Apply different window-to-wall ratios per cardinal direction — the most common way to add glazing to a building model.
A designer wants to optimize glazing for energy performance: 40% south (maximize daylight), 25% north (minimize heat loss), 30% east/west (balance). They start from a baseline model that already has geometry.

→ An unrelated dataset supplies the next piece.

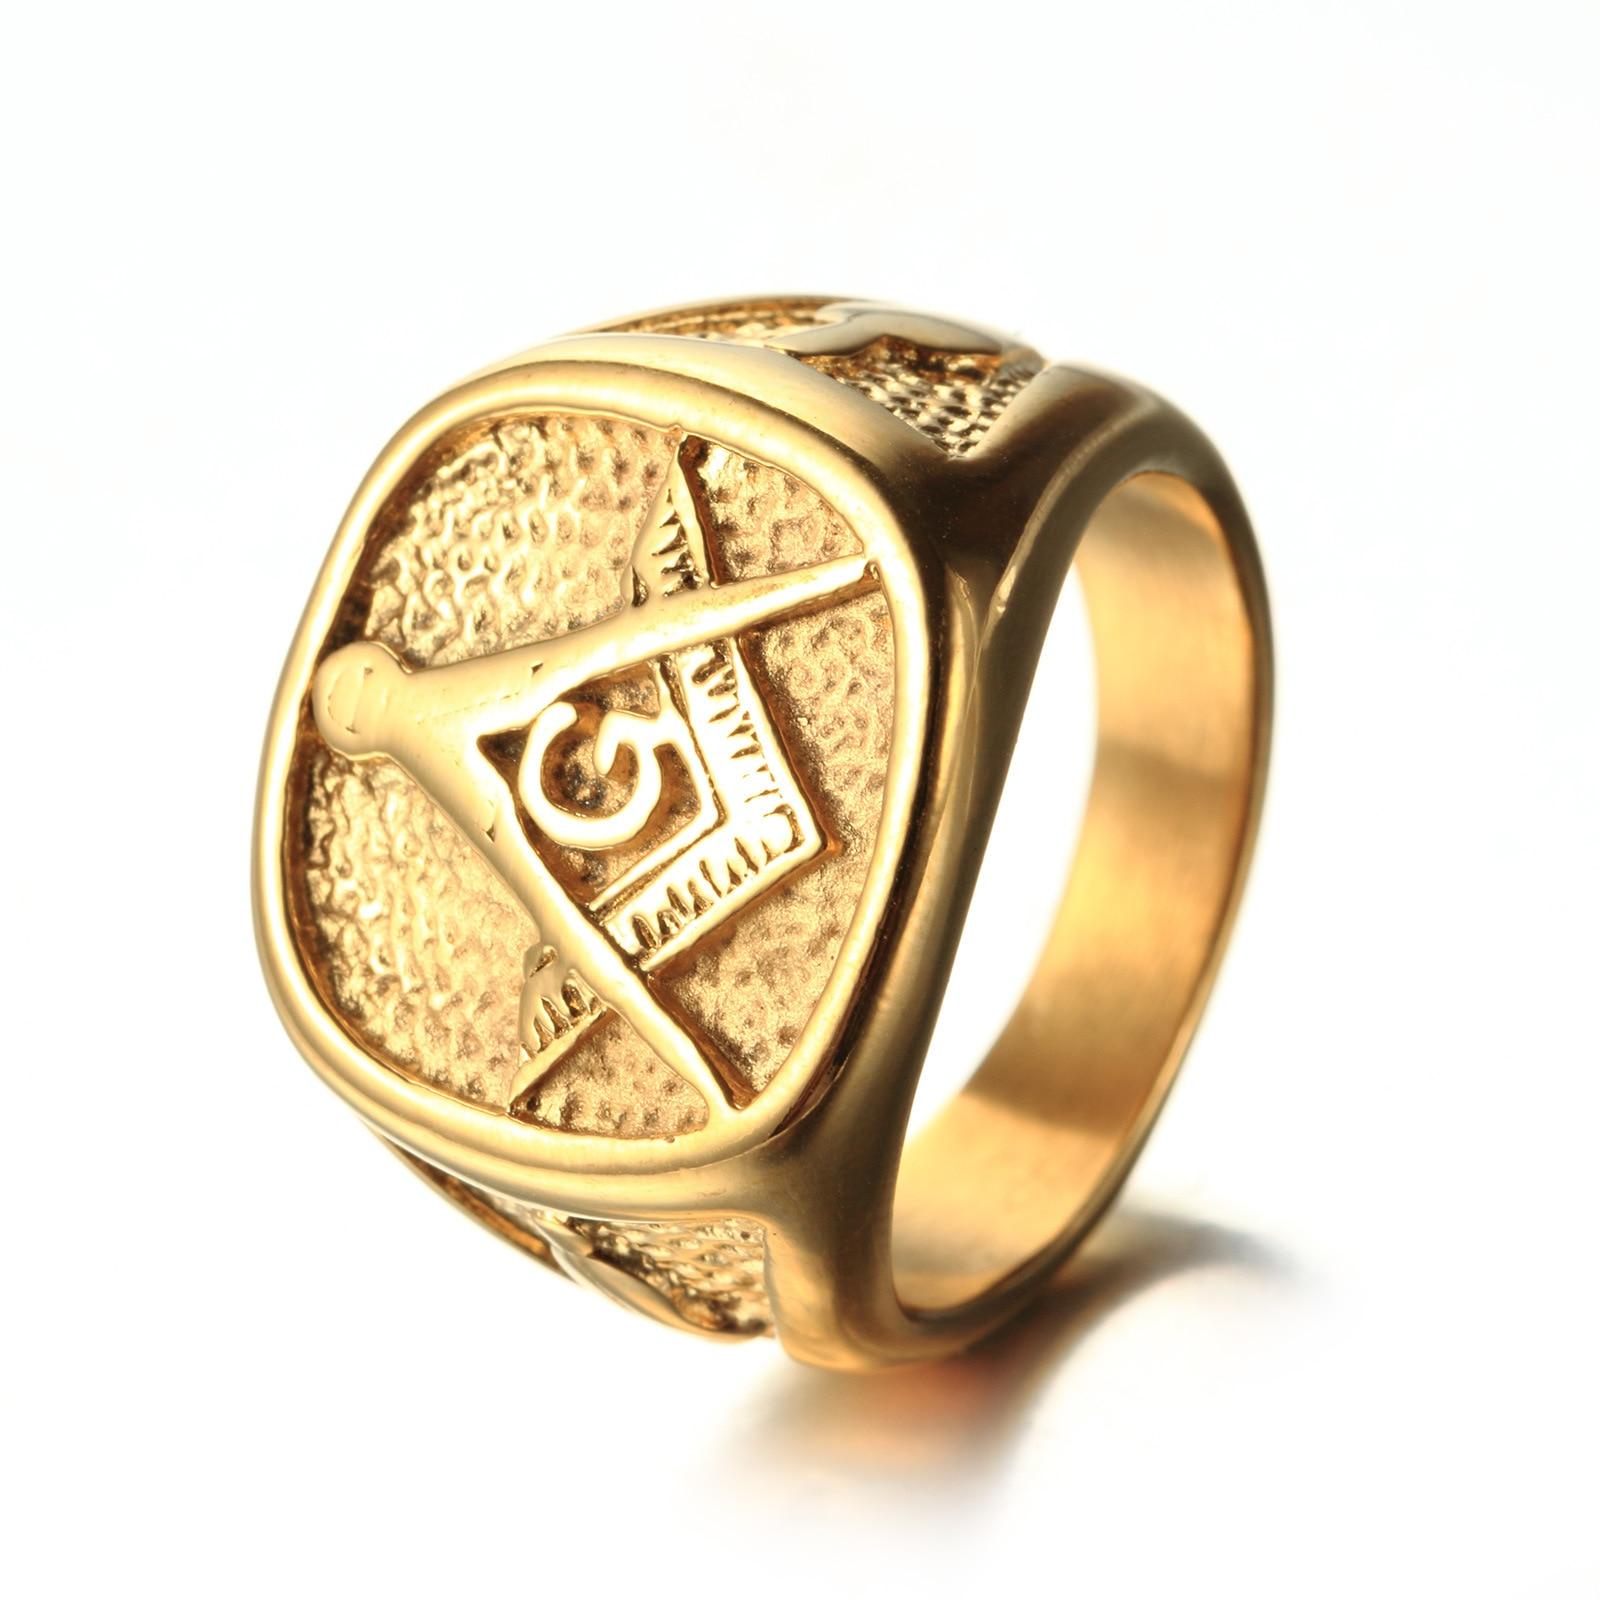 Нержавеющаясталь ювелирные изделия позолота Титан кольцо красивый персонализированные ювелирных изделий g кольцо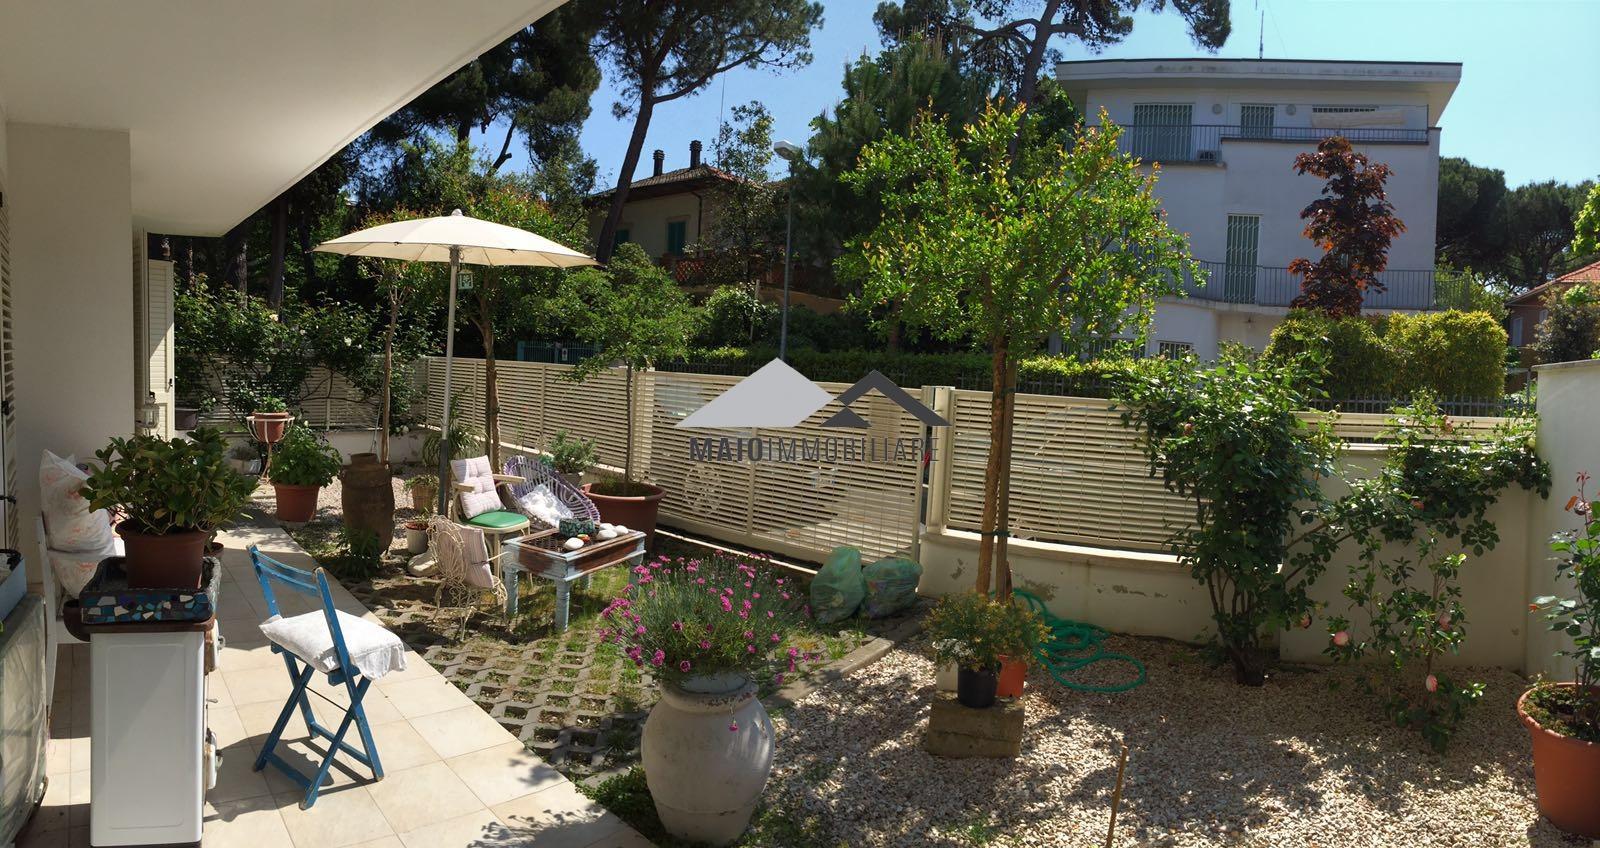 Appartamento in vendita a Riccione, 3 locali, zona Località: ABISSINIA, prezzo € 450.000   Cambio Casa.it

Load my baseline model and add windows: 40% glazing on south walls, 25% on north, 30% on east and west.
1. create_baseline_osm(name="fenestration_study", ashrae_sys_num="03")
2. load_osm_model(osm_path="...")
3. list_surfaces() -- get all surfaces with azimuth
4. # Bin exterior walls by azimuth:
# South: 135-225°, North: 315-360° or 0-45°
# East: 45-135°, West: 225-315°
5. set_window_to_wall_ratio(surface_name="Story 1 South Wall", ratio=0.4)
6. set_window_to_wall_ratio(surface_name="Story 1 North Wall", ratio=0.25)
7. set_window_to_wall_ratio(surface_name="Story 1 East Wall", ratio=0.3)
8. set_window_to_wall_ratio(surface_name="Story 1 West Wall", ratio=0.3)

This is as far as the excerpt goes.